# Importance of Election/God's Sovereignty



## Bondman (Jan 1, 2007)

How important is election? I am newly reformed and I'm thinking that if someone is truly Arminian, isn't that a works-based salvation? Do we just say that they are confused? 

Also, the truth of election inevitable comes up whenever I share the gospel. I tell people to pray and ask God for grace and mercy that He would enlighten them since they are naturally dead in trespasses and sins and would in no other way receive the truth. An elder recently advised me not to even mention election in evangelizing. Thoughts?


----------



## Devin (Jan 1, 2007)

Here's my 

Martin Luther once said something to the effect that the debate on freewill is important because we need to know how much to praise God for our salvation. We need to know how much to attribute to ourselves and to our God. While free will is related, I think this sentiment also applies to election. 

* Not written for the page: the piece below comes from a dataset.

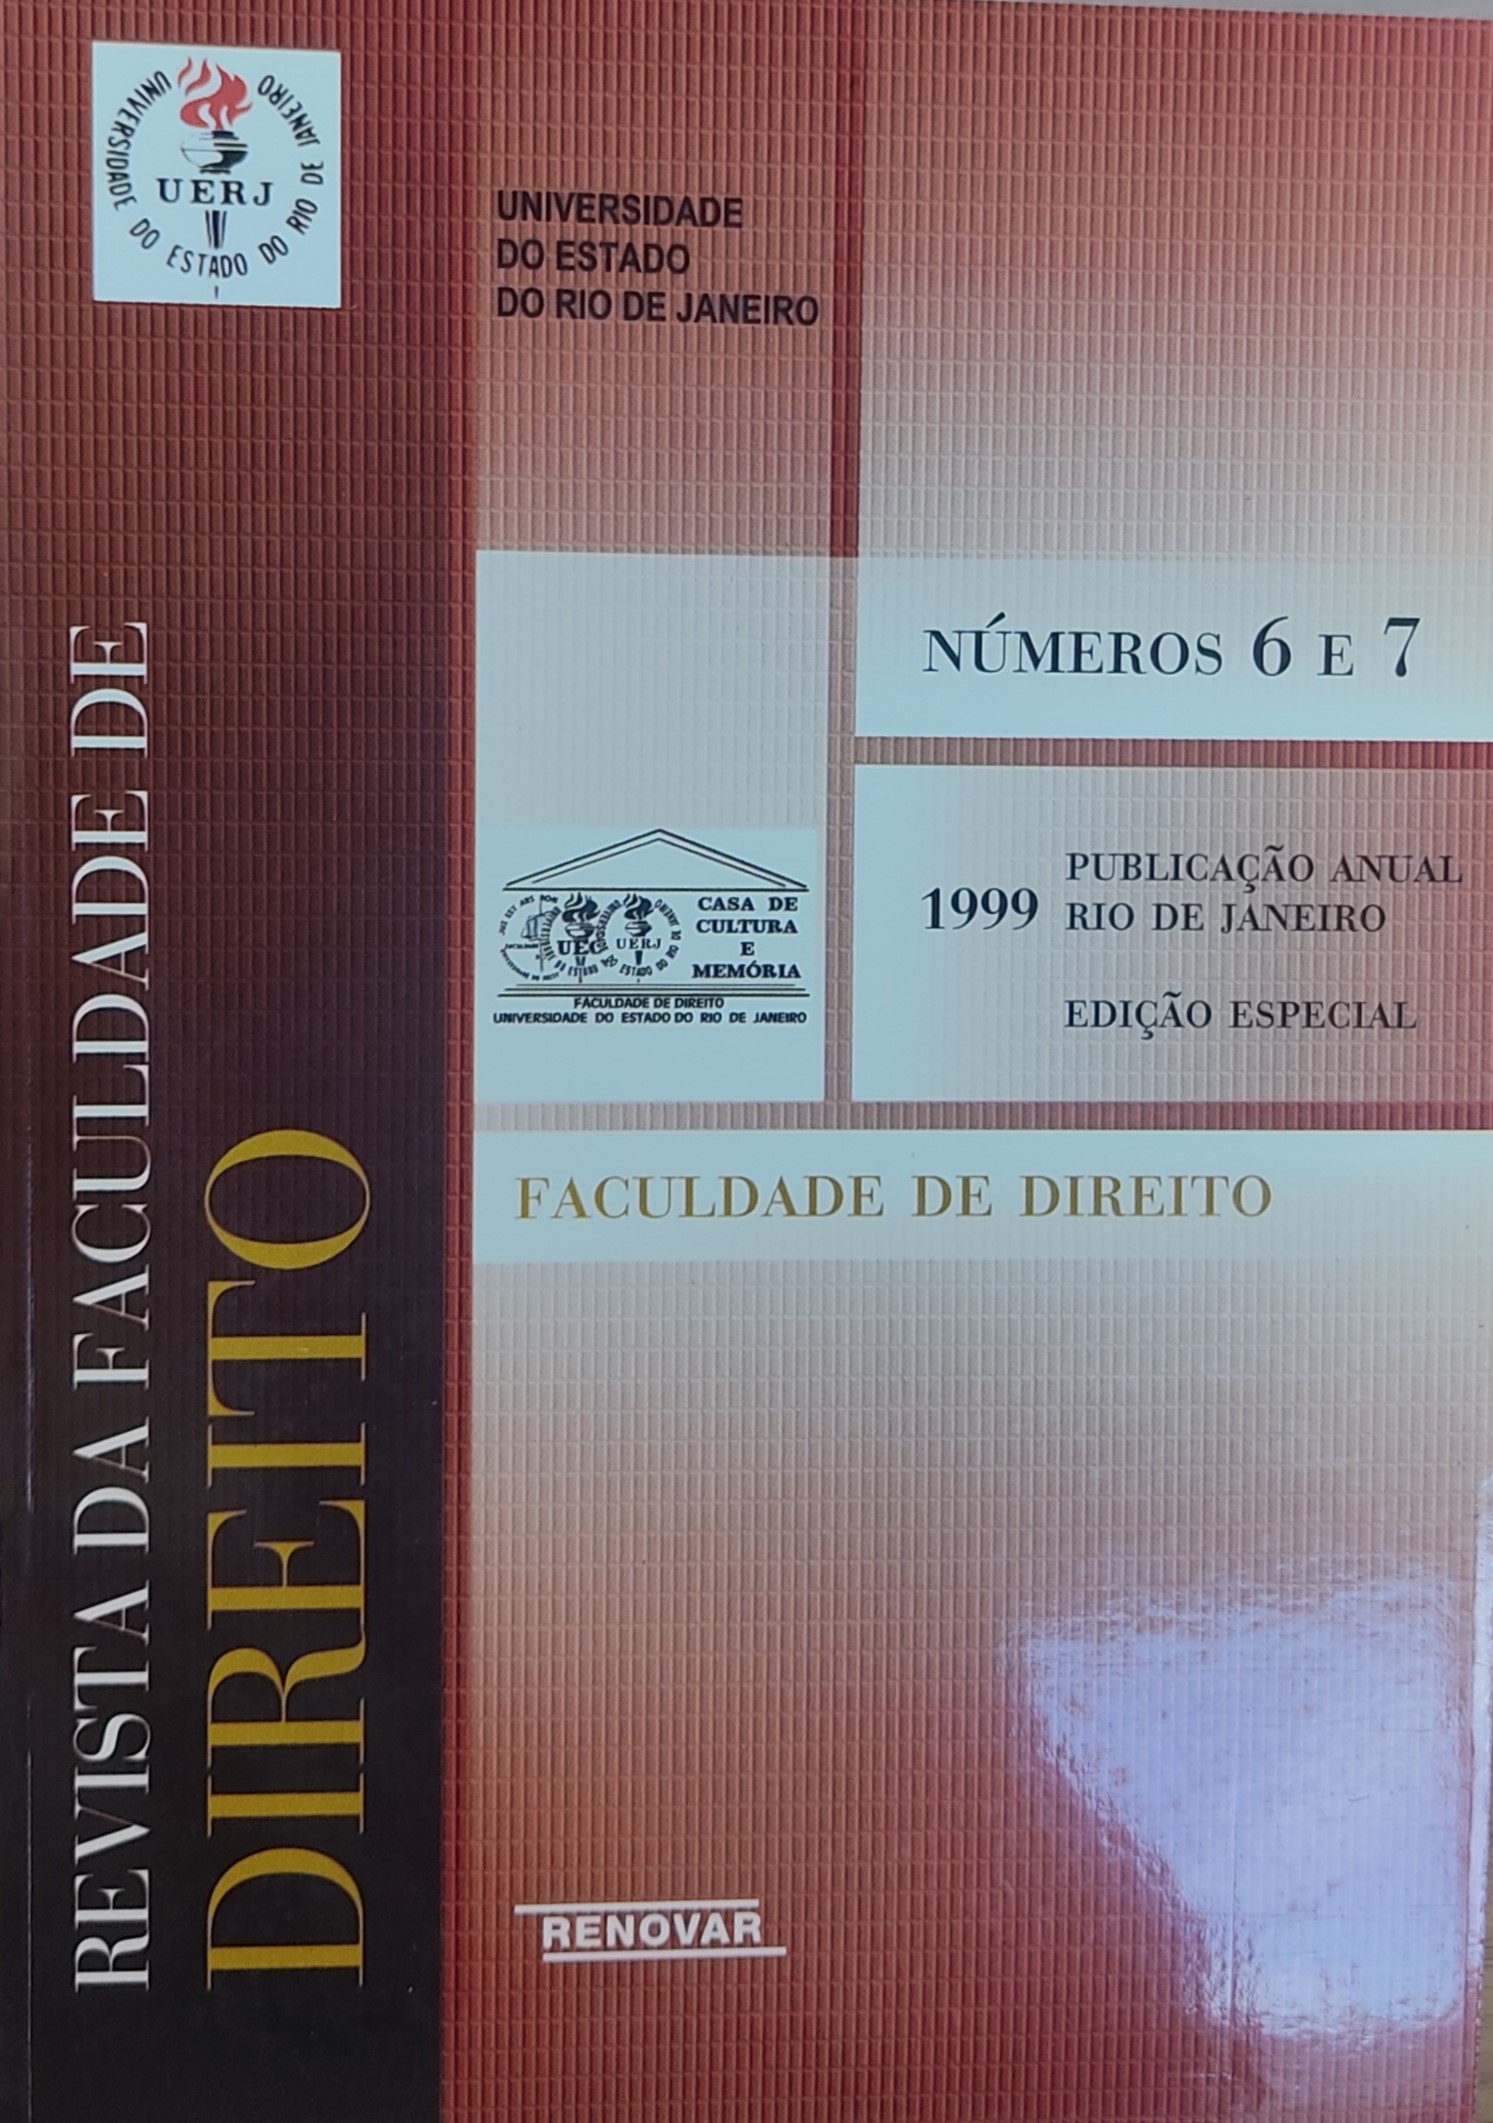 					Ver Núm. 6, 7 (1998) (1999): Revista da Faculdade de Direito da UERJ - RFD

At its worst, Arminianism can become a works-based salvation (look at Dan Corner for example). However, you'll find most Arminians know the catchphrases of evangelical Christianity. If you ask them if they believe they're saved by works, their internal alarms will go off and they'll strongly deny it. But, if you start to push them in certain areas, they find it hard to reconcile Arminianism and sola gratia. 

Anyways, let me get back to election itself. Once you study the doctrine, it opens your eyes more and more as to how important and foundational to so many other areas of theology and the Christian life. It effects worship, evangelization, sanctification, how you read the Bible in general, etc, etc. Thus, it is a very, very important doctrine.

That being said, I think it could be argued that there are other doctrines more important and more in need of being proclaimed in our modern context. Justification, while not unconnected to election, is obviously one of the big ones, but there are others. Right now, it seems to me that one of the main issues is apply sola scriptura instead of just affirming it. If it was applied more often and with greater seriousness, these other doctrines would be addressed too.


----------